La rhétorique du « pauvre gars » tient d'autant moins à l'examen des dossiers des EdS du Cyclotri : on y trouve bon nombre de qualifications, et surtout un rajeunissement des travailleurs. Rappelons que selon l'OCE, les EdS s'adressent à des demandeurs d'emploi « âgés (55 ans et plus), sans formation et avec une maîtrise problématique du français ». On ne peut que s'interroger sur l'usage qui est fait de cette définition quand Partage engage une chargée de communication en EdS. L'élargissement des EdS à des profils de travailleurs (très) qualifiés dont profitent à bon compte associations, fondations, ONG et collectivités publiques du canton est attesté par les annonces que l'OCE relaie des emplois en EdS (voir encadré).

Le cas de Partage n'est pas l'exemple d'une dérive ponctuelle et isolée. La loi en matière de chômage et sa mise en application par l'OCE est l'oreiller de paresse de la lutte contre le chômage sur lequel se couchent confortablement le dumping salarial et la sous-traitance de tâches publiques, la compensation de coupes de subventions à des associations sous forme de livraison de personnel à bas prix et la précarisation durable des travailleurs.

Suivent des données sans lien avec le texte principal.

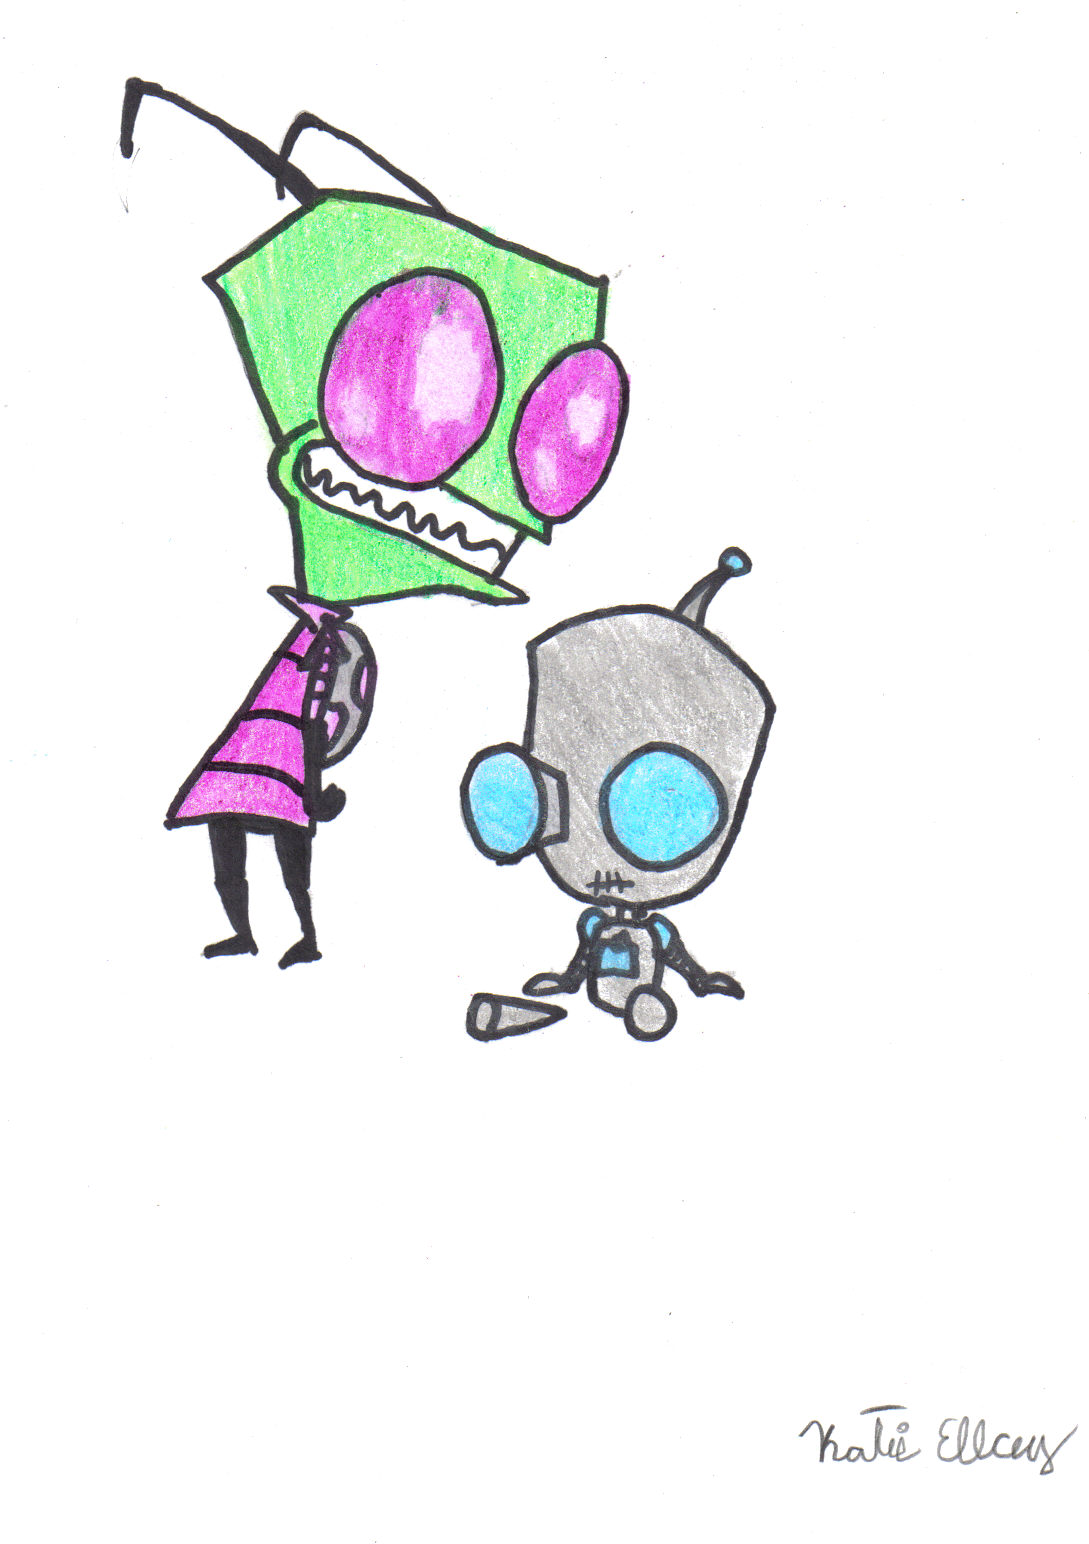 zim and gir by Jthm_girl

Le lendemain de la conférence de presse, les travailleurs en EdS de Partage se sont mobilisés et ont interpelés le syndicat SIT. Le 22 août au matin, une vingtaine de travailleurs se sont réunis en Assemblée du personnel et se sont mis en grève. Il est l'heure d'ouvrir les yeux et de clamer: les EdS, ça suffit !

 

Cornelia Hummel

 

Exemple de profils pour des EdS (19.8.2013)

Adjoint·e de direction.
Exigences : diplôme universitaire ; expérience avérée de la gestion d'une ONG avec des activités internationales, de la gestion de projets, des finances et des ressources humaines ; aisance pour rédiger des demandes de fonds ; très bonne orthographe en français et anglais.

Documentaliste
Exigences : Bachelor en science de l'information ou équivalent ; expérience avérée ; maîtrise de l'environnement technique et numérique des bibliothèques et langages documentaires.

Assistant·e administratif
Exigences : Formation universitaire pertinente, connaissance des droits de l'homme ; parfaite maîtrise de l'anglais oral et écrit et du français ; connaissance du russe serait un atout

Contrôleur·euse de gestion
Exigences : Expérience avérée du contrôle de gestion, idéalement dans environnement international/ONG ; excellent français et anglais.